Does bioplastics have any drawbacks?

It would be great if all the plastic we couldn’t avoid using was either reused in some way or recycled. Realistically, though, that’s never going to happen: most bioplastic is going to end up in a landfill, just like ordinary plastic. So we still need to think about that very carefully. Some bioplastics disappear very cleanly in landfills. Because they’re made from plants, they absorbed carbon dioxide when they grew in the first place and they release that carbon dioxide again when they break down–so effectively, ignoring the energy used in manufacturing, they’re carbon neutral: they don’t add to global warming. Other bioplastics break down and release methane, which is a really powerful greenhouse gas (much worse than carbon dioxide). That’s a serious issue. Some also leave a toxic residue in the landfill, which could cause water pollution or soil contamination. Another problem is that bioplastics can’t be recycled the same way as ordinary plastics so if they all get mixed in together in a recycling container, you can end up with a huge pile of unprocessable waste that has to go to a landfill. There are other issues too. Some bioplastics are described as “compostable”, but they only compost in the kind of high-temperature digesters operated by councils, not on your average, low-temperature, home compost heap.

So not really a complete solution?

Definitely not. You have to go back to what we were saying right at the beginning–about how many different kinds of plastic we use and in how many different ways. You can’t really make a plastic washing up bowl from bioplastic–it would slowly disintegrate before your eyes! But what else are you going to make it out of? And if you accept that it’s not something you’re going to keep forever, what happens to it when you throw it away? Ditto with a toothbrush: it’s something you have to throw away and replace (if you want to keep your teeth).

What’s the answer to that?

The way to look at these things is always reduce, reuse, recycle–in that order. So you first have to ask do I really need a plastic washing-up bowl? Can I wash up in the sink, which is what people always used to do until about the 1960s and 1970s. If I have to throw it out, can I do anything useful with it? Can I use it in the garden to collect weeds, perhaps? Can I clean it up and use it for storage? If I really have to get rid of it, can I possibly recycle it?

But for disposable packaging…?

Well, there bioplastics definitely have a big part to play. If you bear in mind that plastic bags have an average useful life of 12 minutes, but live on in landfills for 500 years, you can see there’s a real value in having plastic food packaging that disappears very quickly. Especially for things like sweets and crisps, where there’s a high chance that any packaging is going to end up as litter. But bioplastics aren’t the only solution–and they may not even be the best one. Another option is to turn the problem back on the manufacturers. The main reason we have plastic packaging is to extend the shelf life of foods so that big corporations can make more money. Okay, fine, so let them accept some of the responsibility for the “plastic monster” they’ve created. Eco groups like Surfers Against Sewage have been campaigning on this for some time, encouraging people to post rubbish they find on beaches (80% of it is plastic, incidentally) back to the companies who produced it. (They call it “Return to Offender”!) Packaging is relatively easy to trace back to the people who made it–it’s stamped with their name. So how about councils being able to fine manufacturers for litter as well as the people who drop it? We’re hearing now that the cost of litter collection in the UK is soon going to hit a billion pounds a year. Let the people who profit from packaging pay some of the costs. Then they’d put a bit more effort into educating people about disposing of waste, using less packaging, and developing more eco-friendly plastics.
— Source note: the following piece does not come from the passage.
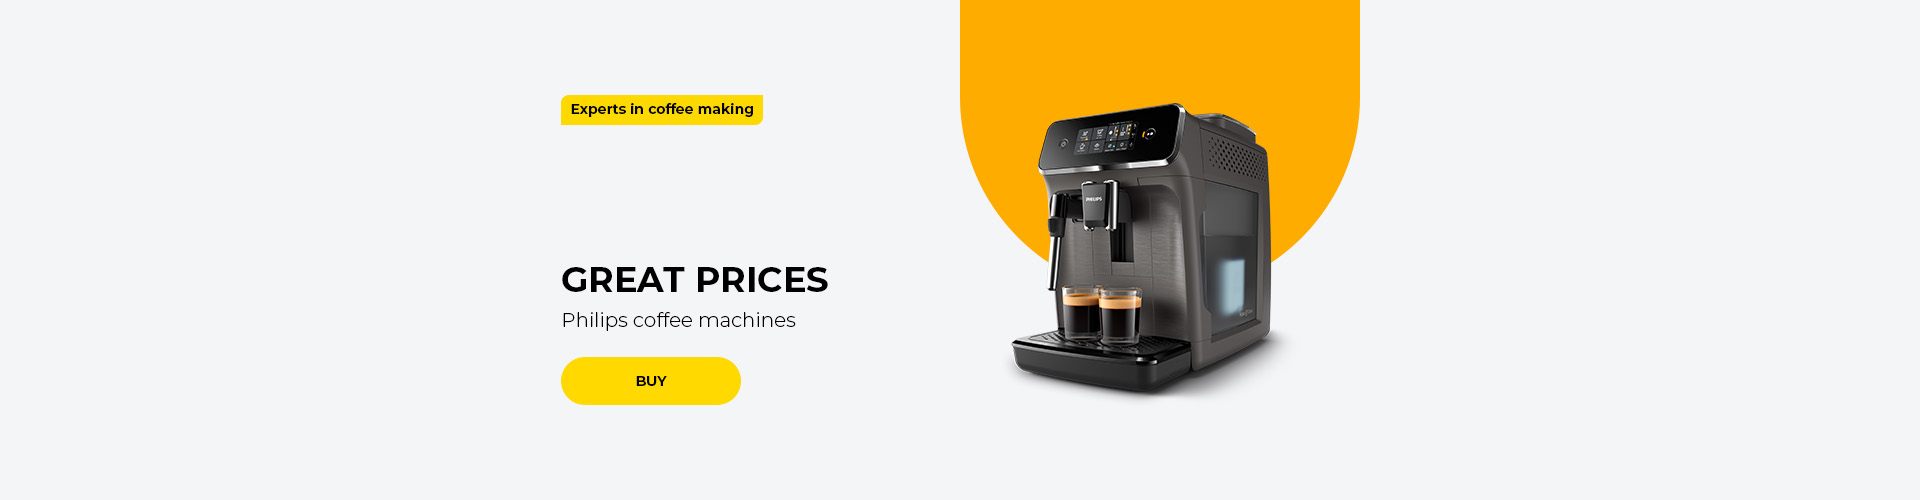 GREAT PRICES Philips coffee machines

What’s the one thing people should take away from all this?

King Henry VIII! Remember how long plastic lasts and what it costs the environment (in resources, energy, and litter). Use as little of it as you can. When you get rid of plastic things, try to give them another life first (use your old toothbrush for cleaning your bike, or whatever) and recycle them if you can’t. There’s no excuse for plastic litter–and throwing away plastic is almost as bad

Find out more about related matters on

And loads of other interesting stuff at www.explainthatstuff..com

You can buy Chris’s books from

 

post

Weee / Electronic Waste

 Between now and the end of 2020, WRAP estimates that electronic products purchased in the UK will total around 10 million tonnes. A quarter of this will comprise of IT equipment, consumer electronics and display screens. This 10 million tonnes will include precious metals, such as 20 tonnes of gold, 400 tonnes of silver and 7 tonnes of Platinum Group Metals. These have a total estimated market value of £1.5 billion [Dec 13].Waste on line

According to DEFRA figures, white goods make up 5% of household waste. 7 WEEE analysis shows that the average person will consume 3.3 tonnes of electronic waste in their lifetime, or on average around 0.016 tonnes (16 kg) per year. http://www.weeeman.org/html/impact/couple.html

Most of the components of electronic waste are recyclable, a fridge may contain as much as 95% recoverable material, whereas 96% of an old television could be made into new televisions.  do the green thing.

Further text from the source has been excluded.